Detailed Solution for Test: Tries - 2 - Question 9

The 'countWords' function counts the number of words in the TRIE. In this case, "hello" and "world" are inserted into the TRIE using the 'insert' function, so the output will be 2.

Test: Tries - 2 - Question 10

What will be the output of the following code snippet?
#include <iostream>
#include <unordered_map>

struct TrieNode {
    std::unordered_map<char, TrieNode*> children;
    bool isEndOfWord;
};

void insert(TrieNode* root, std::string word) {
    TrieNode* current = root;
    for (char ch : word) {
        if (current->children.find(ch) == current->children.end()) {
            current->children[ch] = new TrieNode();
        }
        current = current->children[ch];
    }
    current->isEndOfWord = true;
}

bool hasChildren(TrieNode* root) {
    return !root->children.empty();
}

bool deleteHelper(TrieNode* root, std::string word, int index) {
    if (index == word.length()) {
        if (!root->isEndOfWord)
            return false;
        root->isEndOfWord = false;
        return !hasChildren(root);
    }

    char ch = word[index];
    if (root->children.find(ch) == root->children.end())
        return false;

    TrieNode* childNode = root->children[ch];
    bool shouldDeleteCurrentNode = deleteHelper(childNode, word, index + 1);

    if (shouldDeleteCurrentNode) {
        root->children.erase(ch);
        delete childNode;
        return !hasChildren(root);
    }

    return false;
}

bool deleteWord(TrieNode* root, std::string word) {
    return deleteHelper(root, word, 0);
}

int main() {
    TrieNode* root = new TrieNode();
    insert(root, "hello");
    insert(root, "world");
    deleteWord(root, "hello");
    std::cout << countWords(root) << std::endl;
    delete root;
    return 0;
}

Detailed Solution for Test: Tries - 2 - Question 10

The 'deleteWord' function is called to delete the word "hello" from the TRIE. After deletion, the 'countWords' function is called to count the number of words in the TRIE. Since "hello" was deleted, the output will be 0.

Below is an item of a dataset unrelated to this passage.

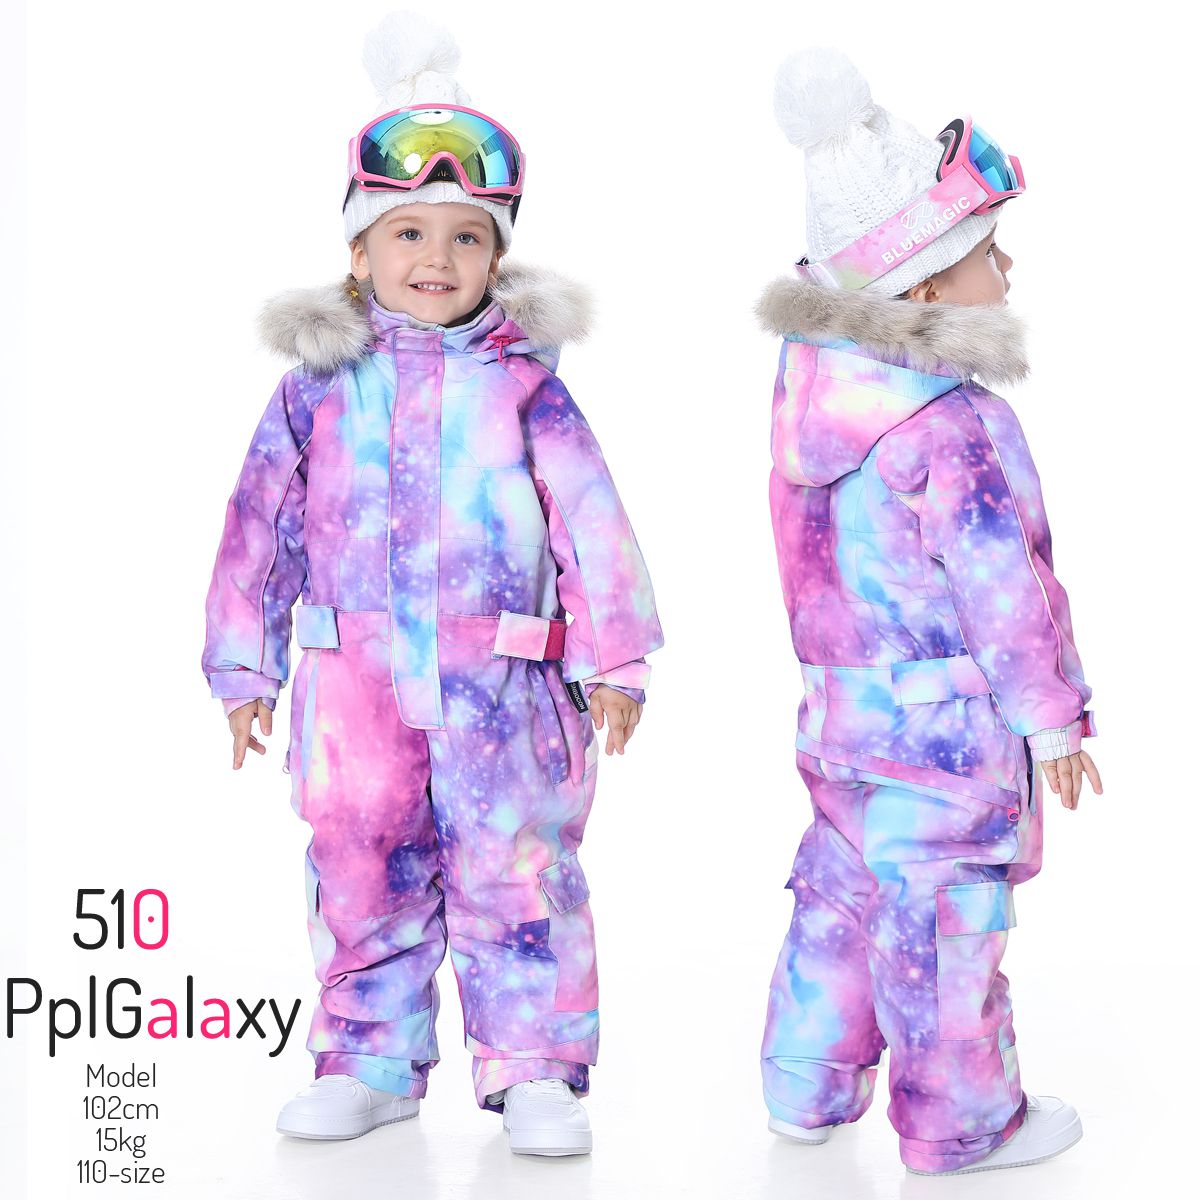  ski wear Kids coveralls Jump suit 90 100 110 120 One-piece ( sleeve, length of the legs. length adjustment is possible to do ) snowboard wear snow wear snow play

Test: Tries - 2 - Question 11

What will be the output of the following code snippet?
#include <iostream>
#include <unordered_map>

struct TrieNode {
    std::unordered_map<char, TrieNode*> children;
    bool isEndOfWord;
};

void insert(TrieNode* root, std::string word) {
    TrieNode* current = root;
    for (char ch : word) {
        if (current->children.find(ch) == current->children.end()) {
            current->children[ch] = new TrieNode();
        }
        current = current->children[ch];
    }
    current->isEndOfWord = true;
}

void printWords(TrieNode* root, std::string prefix) {
    if (root->isEndOfWord)
        std::cout << prefix << std::endl;

    for (auto& pair : root->children) {
        char ch = pair.first;
        TrieNode* childNode = pair.second;
        printWords(childNode, prefix + ch);
    }
}

int main() {
    TrieNode* root = new TrieNode();
    insert(root, "apple");
    insert(root, "banana");
    insert(root, "cherry");
    insert(root, "cat");
    printWords(root, "");
    delete root;
    return 0;
}

Detailed Solution for Test: Tries - 2 - Question 11

The 'printWords' function is called to print all the words in the TRIE. In this case, "apple," "banana," "cherry," and "cat" are inserted into the TRIE using the 'insert' function, so the output will be "apple, banana, cherry, cat".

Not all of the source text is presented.